After investigating more:
-
We see that all of the orders of size 2000 occurred from the same user_id: 607 and from the same shop_id: 42.
-
The order_amount is exactly the same too for each of these orders about 704000.
-
Here's one instance of multiple identical transactions: From the first 5 rows, we can see that all the orders were made at exactly 4AM. on 2017-03-02.
-
This might be a case of duplicate entries in the dataset, or this might just be the case where the customer might be buying sneakers in bulk.
-
Another observation: there is some inconsistency in the following two metrics in the top 5 and the bottom 5 shops based on their average order amount and total revenue.
total_items | avg_order_amt | max_order_amt | per_item_amt |
---|---|---|---|
1 | 417.364481 | 25725.0 | 25725.0 |
2 | 750.215066 | 51450.0 | 25725.0 |
3 | 1191.076514 | 77175.0 | 25725.0 |
4 | 947.686007 | 102900.0 | 25725.0 |
5 | 759.350649 | 1760.0 | 352.0 |
6 | 17940.000000 | 154350.0 | 25725.0 |
8 | 1064.000000 | 1064.0 | 133.0 |
2000 | 704000.000000 | 704000.0 | 352.0 |
-
Based on the df above, we see some of these max_order_amt are way above the average.

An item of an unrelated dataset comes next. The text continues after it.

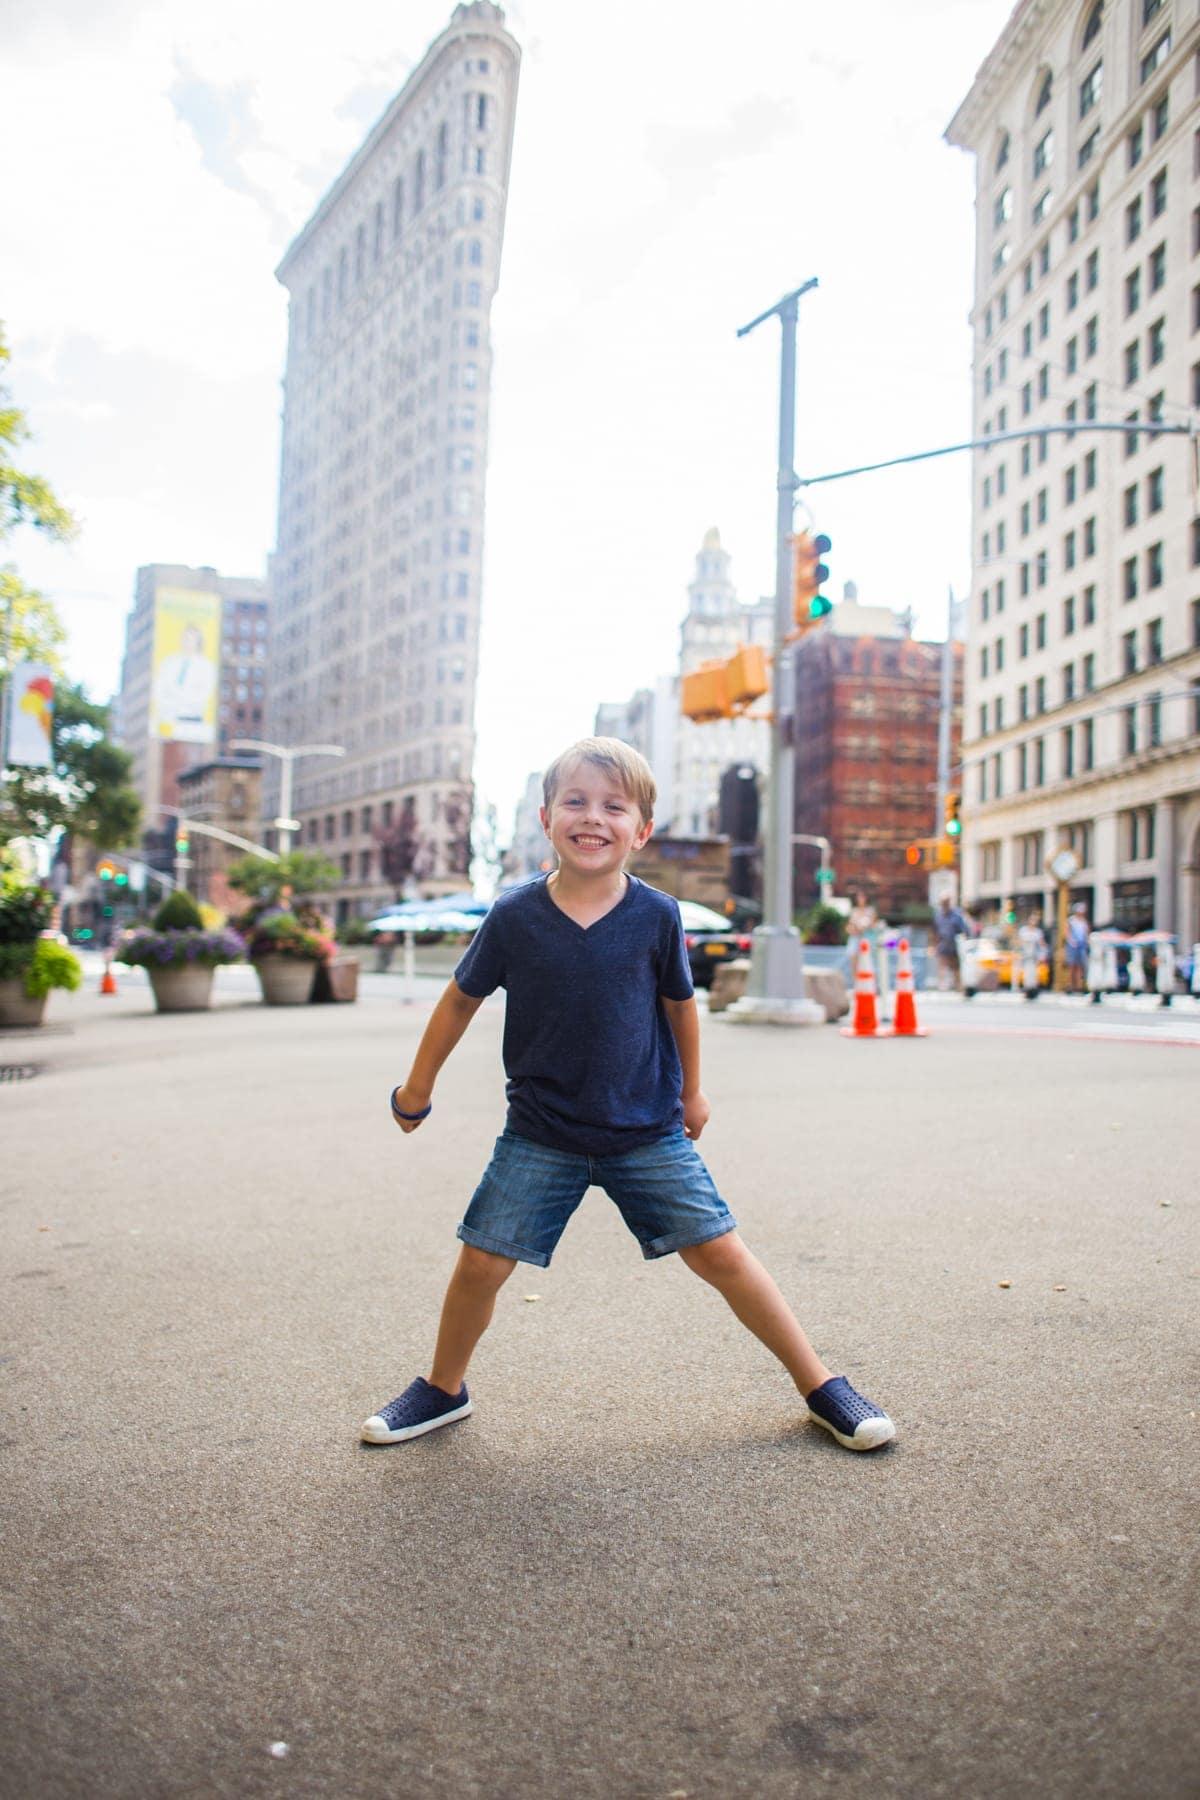 Blake in the street

We would never expect an average pair of shoes to cost 25725. This in addition to the duplicate transactions questions the correctness of these entries.
-
Therefore, we will need a robust metric like median that is not sensitive to outliers if we want to keep these observations (if these are not errors).
(ii) What metric would you report for this dataset?
Answer: After a thorough exploration (refer to the .ipynb file), we can say that the best metric option would be to use median of the order_amount.
(iii) What is its value?
Answer: $284
For this question you’ll need to use SQL. Follow this link (https://www.w3schools.com/SQL/TRYSQL.ASP?FILENAME=TRYSQL_SELECT_ALL) to access the data set required for the challenge. Please use queries to answer the following questions. Paste your queries along with your final numerical answers below.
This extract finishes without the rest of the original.